Calloway v. District of Columbia Board of Parole , 103 F. App'x 740 ( 2004 )


Menu:
  •                             UNPUBLISHED
    UNITED STATES COURT OF APPEALS
    FOR THE FOURTH CIRCUIT
    No. 04-6283
    EZRA CHARLES CALLOWAY, a/k/a Charles Smith,
    Petitioner - Appellant,
    versus
    DISTRICT OF COLUMBIA BOARD OF PAROLE,
    Respondent - Appellee.
    Appeal from the United States District Court for the District of
    Maryland, at Baltimore. Alexander Williams, Jr., District Judge.
    (CA-03-3570-8-AW)
    Submitted:   June 2, 2004                  Decided:   August 2, 2004
    Before NIEMEYER, LUTTIG, and WILLIAMS, Circuit Judges.
    Affirmed by unpublished per curiam opinion.
    Ezra Charles Calloway, Appellant Pro Se.

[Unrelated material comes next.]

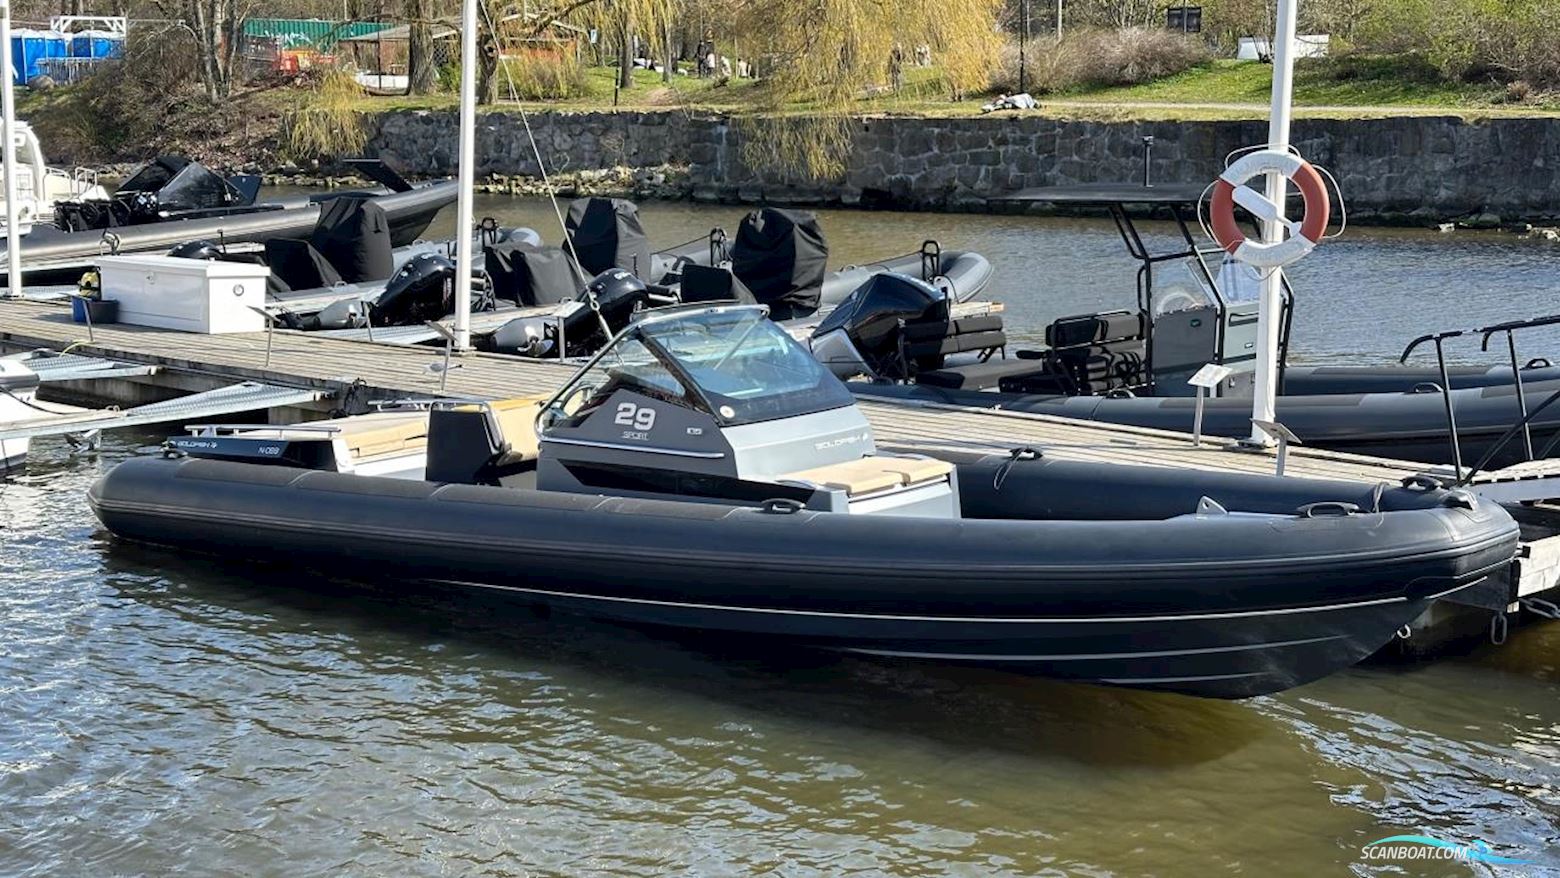 Goldfish 29 Sport Motorbåt 2020, med Mercruiser motor, Sverige

    Unpublished opinions are not binding precedent in this circuit.
    See Local Rule 36(c).
    PER CURIAM:
    Ezra Charles Calloway, Sr., a Maryland state prisoner,
    seeks to appeal the order of the district court denying his request
    that the District of Columbia Board of Parole be instructed to hold
    a parole revocation hearing to determine if he violated his parole
    in the District of Columbia.     We find that Calloway’s action is
    properly construed as a petition for mandamus relief.   See Johnson
    v. Reilly, 
    349 F.3d 1149
    , 1153 (9th Cir. 2003); Heath v. United
    States Parole Commission, 
    788 F.2d 85
    , 89 (2d Cir. 1986).       The
    Board of Parole filed a detainer with the Maryland Division of
    Correction. There is, however, “no constitutional duty to provide
    [a parolee] an adversary parole hearing until he is taken into
    custody as a parole violator by execution of [a] warrant.” Moody v.
    Daggett, 
    429 U.S. 78
    , 89 (1976); Larson v. McKenzie, 
    554 F.2d 131
    ,
    132-33 (4th Cir. 1977); Gaddy v. Michael, 
    519 F.2d 669
    , 677 (4th
    Cir. 1975).    We affirm the district court’s order denying Calloway
    relief, as Calloway has not yet been taken into custody as a parole
    violator.     We dispense with oral argument because the facts and
    legal contentions are adequately presented in the materials before
    the court and argument would not aid the decisional process.